No quiso dar la cara por la decisión más cruel contra los inmigrantes que ha tomado hasta la fecha. Se ha valido del fiscal general de Estados Unidos, Jeff Sessions, para presentarla, intentando justificarla con los “centenares de miles de puestos de trabajo que quitan a los norteamericanos”, lo cual es falso. Ningún norteamericano, si quiere trabajar, pierde un puesto de trabajo por culpa de un inmigrante. Ni fiscalmente se resiente la economía, ya que los “dreamers” pagan los mismos impuestos que los nativos y contribuyen al crecimiento de la riqueza nacional. No existe ningún motivo económico ni social que justifique la medida, salvo el racismo.
Consciente de ello, y para evitar la controversia que le caería –y le está cayendo- encima, Donald Trump, dando muestras de su gallardía, ha endosado el problema al Congreso. Adoptando una decisión salomónica, deja en suspenso la medida y fija un plazo de seis meses para que los congresistas –republicanos y demócratas- se pongan de acuerdo y aprueben una ley sustitutoria y definitiva, pero que, de no conseguirse, supondría la expulsión automática de los “dreamers”. Así, el presidente intenta quedarse al margen –cuando ha sido él quien ha creado el problema- y, de paso, congraciarse con los sectores partidarios del endurecimiento de la política de inmigración de su partido y de sus votantes, a los que prometió promulgar leyes en tal sentido.
Sin embargo, no engaña a nadie.
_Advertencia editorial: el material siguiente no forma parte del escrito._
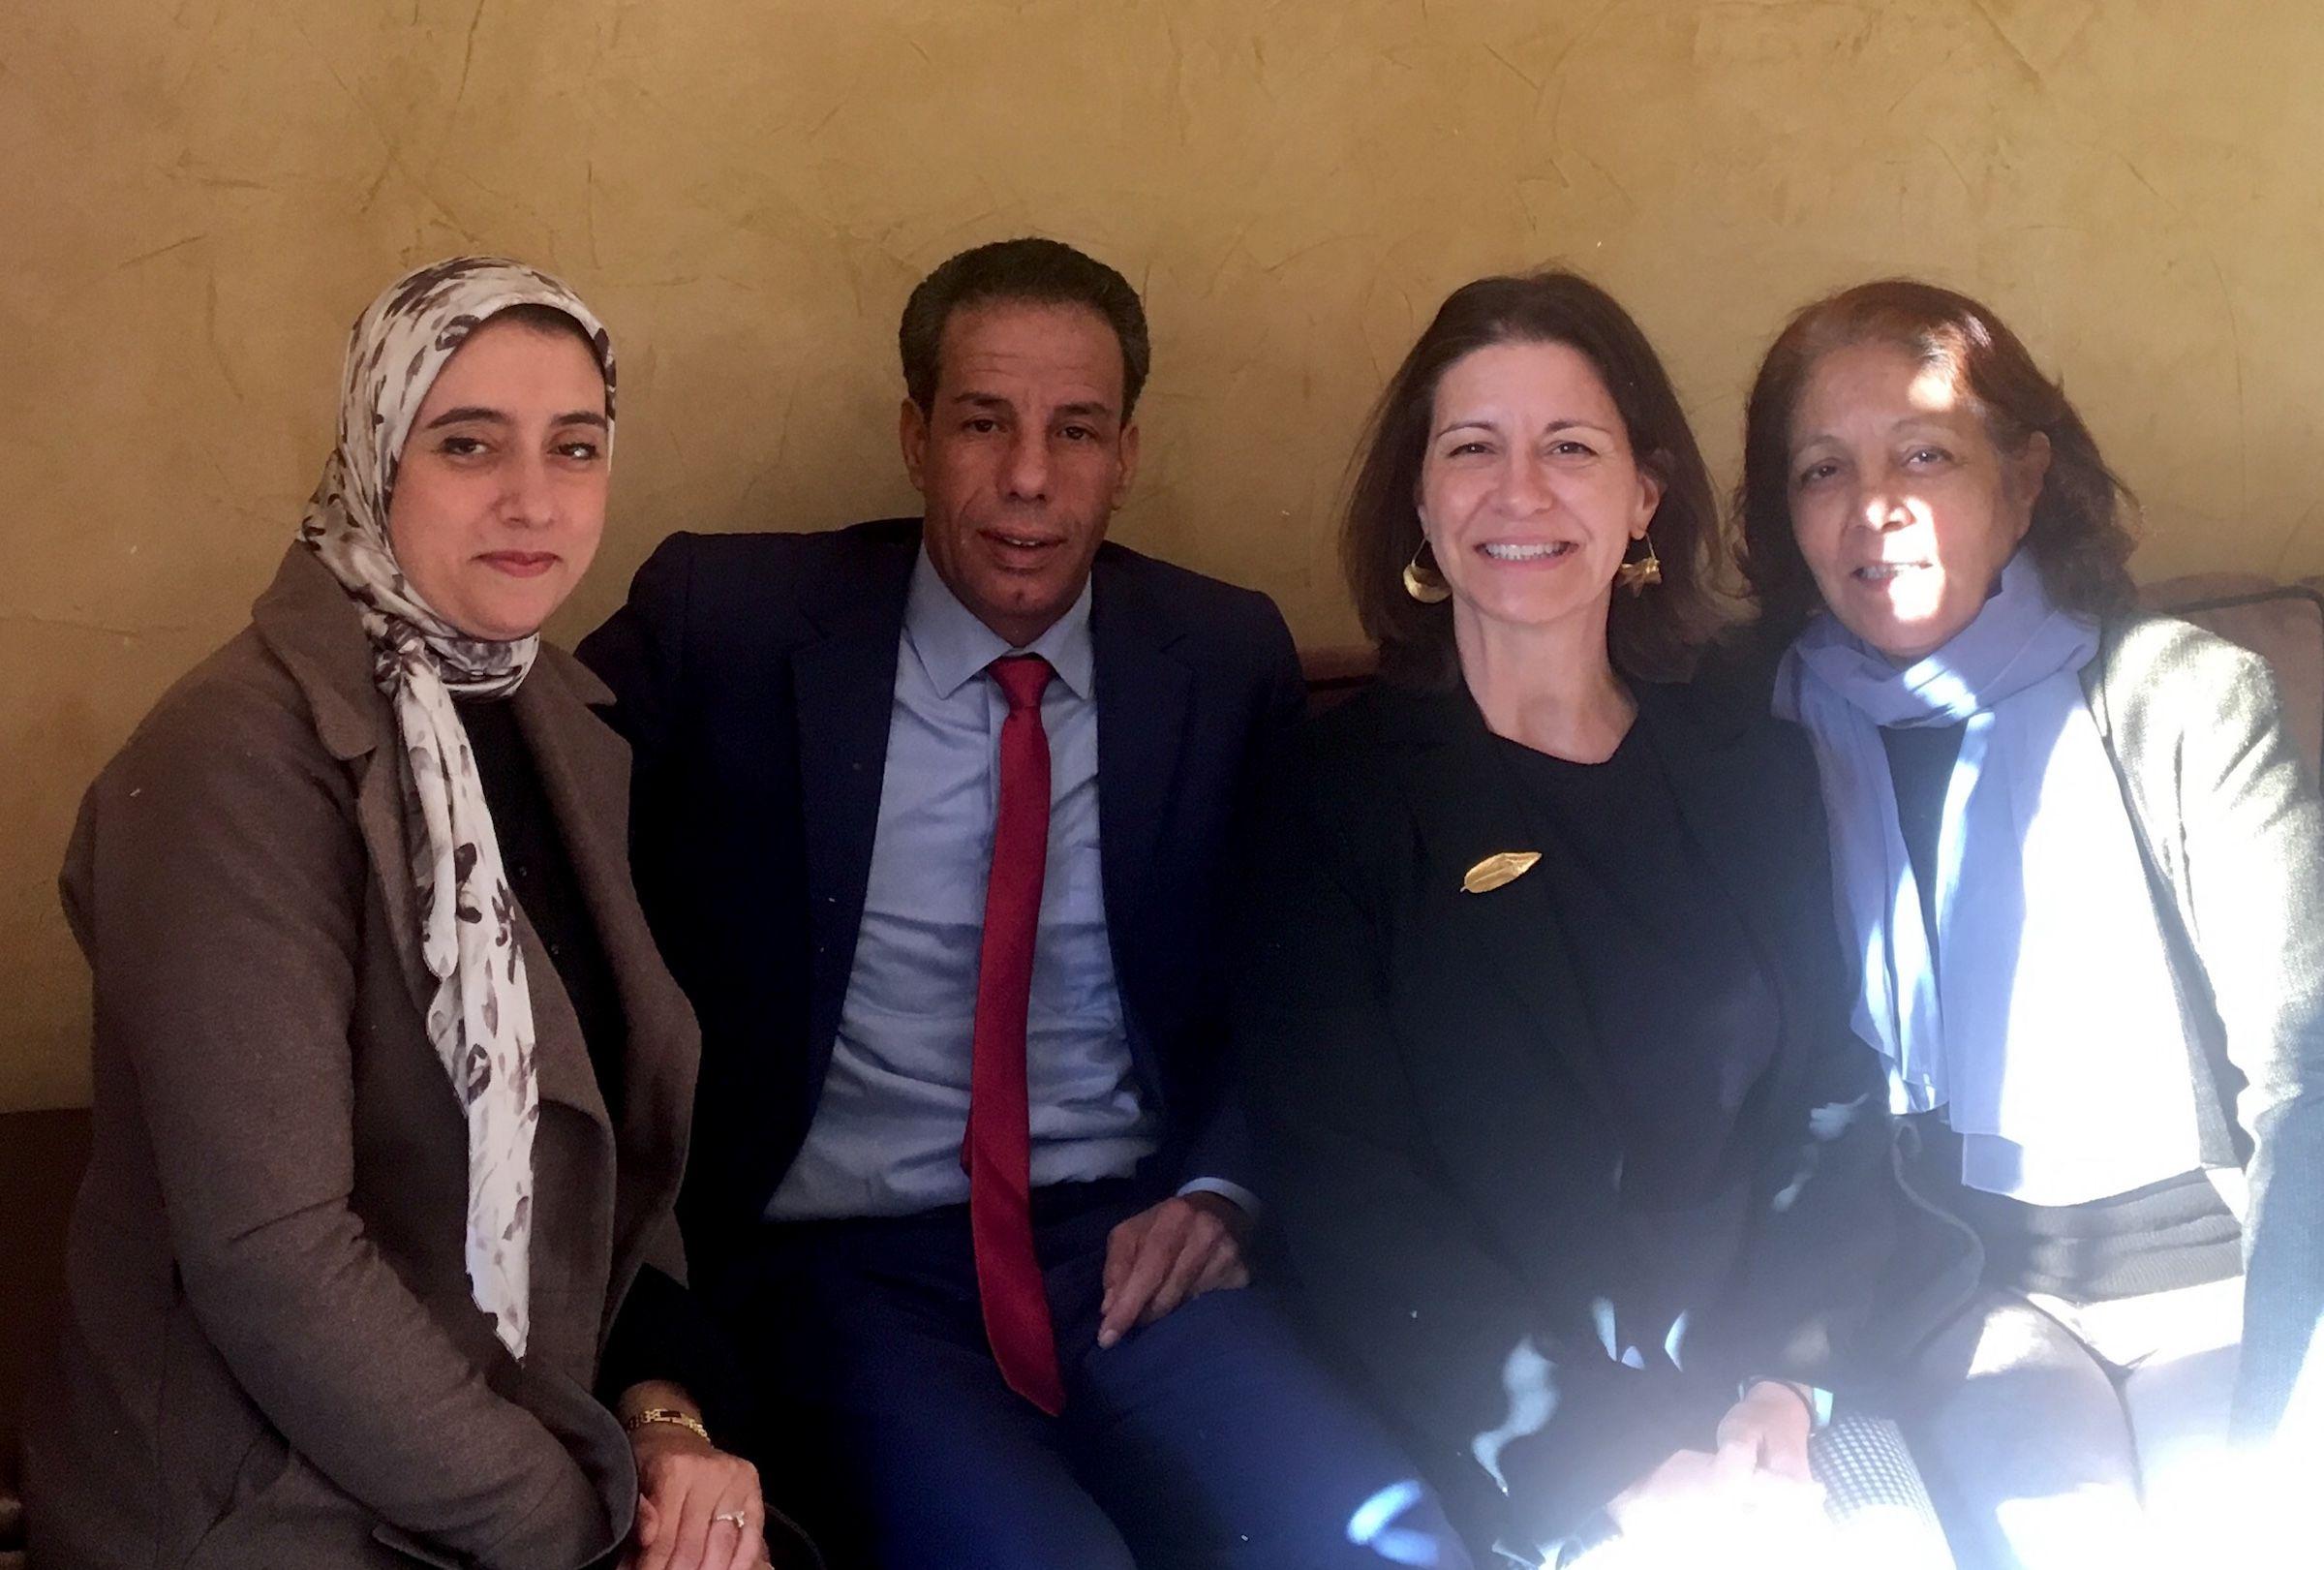 Con la doctora Fatiha Sahli e investigadores de la Universidad Cadi Ayyad.
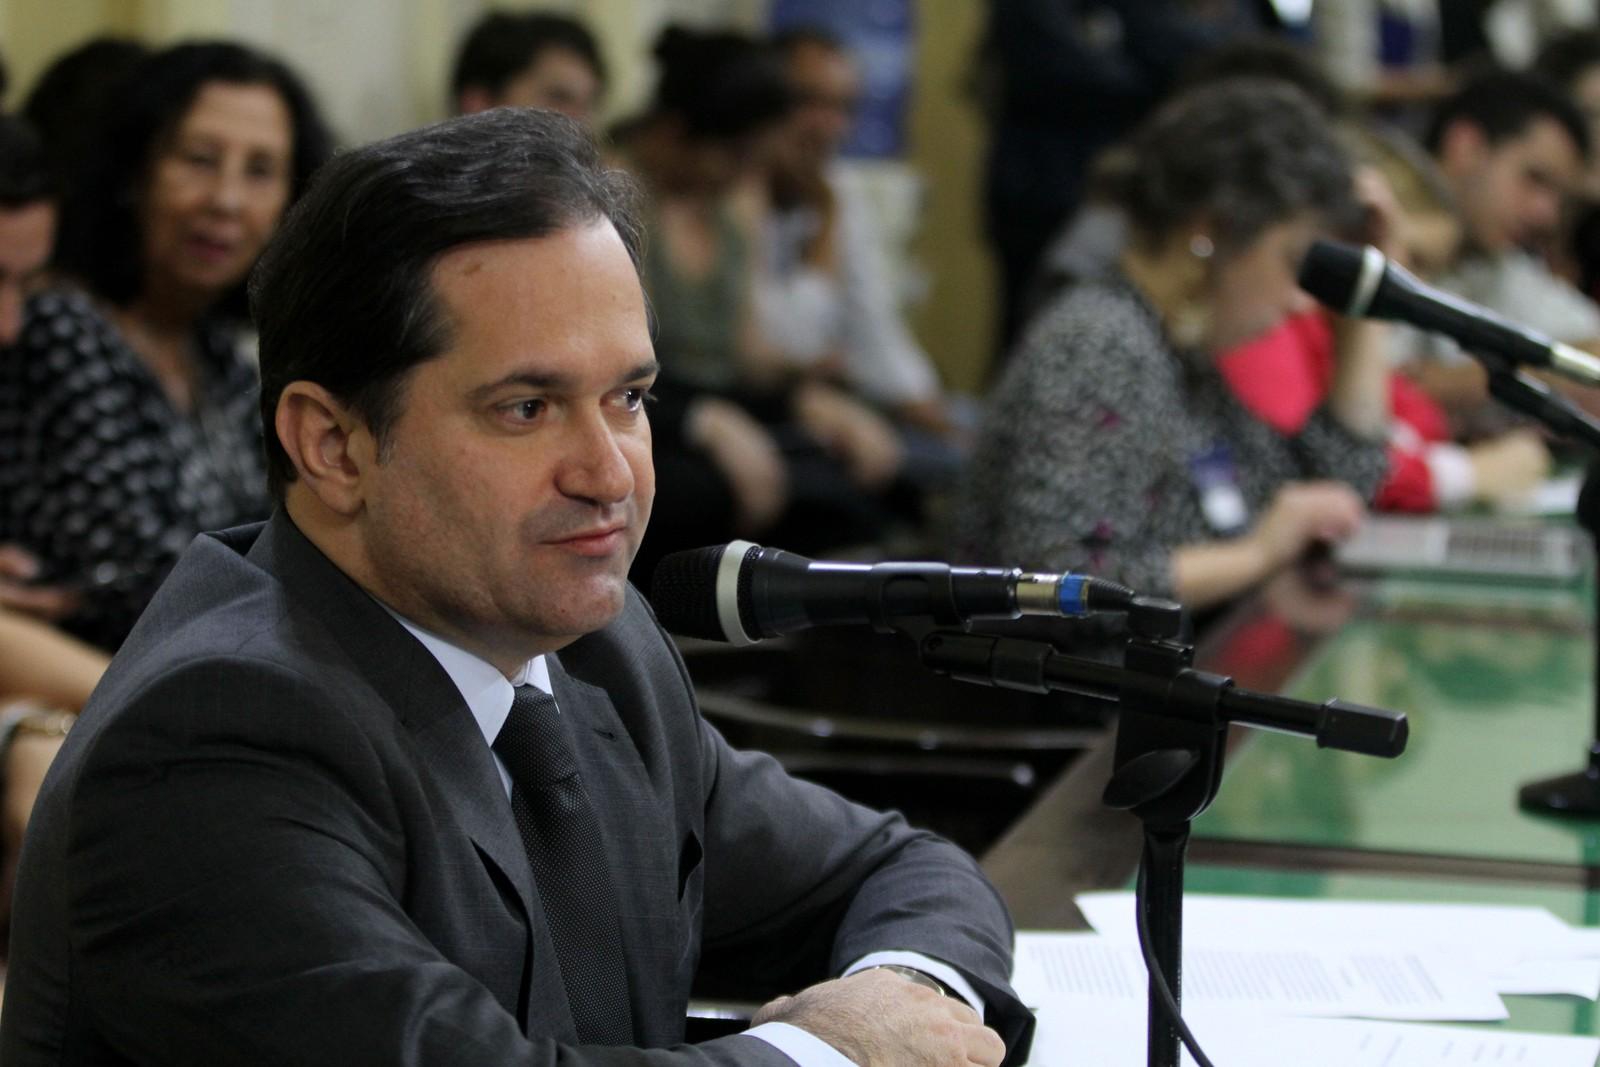 Ministra pede relatório sobre condições de presídio em Goiás após rebelião

No es ecuánime ni pretende ser imparcial ni ético en el ejercicio de su presidencia, ni siquiera en su conducta personal. Guiado por sus obsesiones racistas, expulsa a los mexicanos y desea aislar a Estados Unidos con un muro de Hispanoamérica. Del mismo modo veta a los musulmanes de entrar al país –por ahora, a los procedentes de determinados países árabes-. Y no condena la violencia y las manifestaciones racistas de los supremacistas blancos, alimentando el odio y el rencor racial entre los ciudadanos norteamericanos y contra minorías étnicas que forman parte de su población. Su infamia es tan evidente y escandalosa como su flequillo. Pero es que así es Donald Trump, bocazas, inepto, machista, xenófobo, misógino y ultraconservador, y por eso salió elegido. Ahora queda aguantarlo hasta que lo expulsen o pierda las próximas elecciones. Entonces volverán a soñar los “dreamers” y todos los que temen a un presidente tan infame.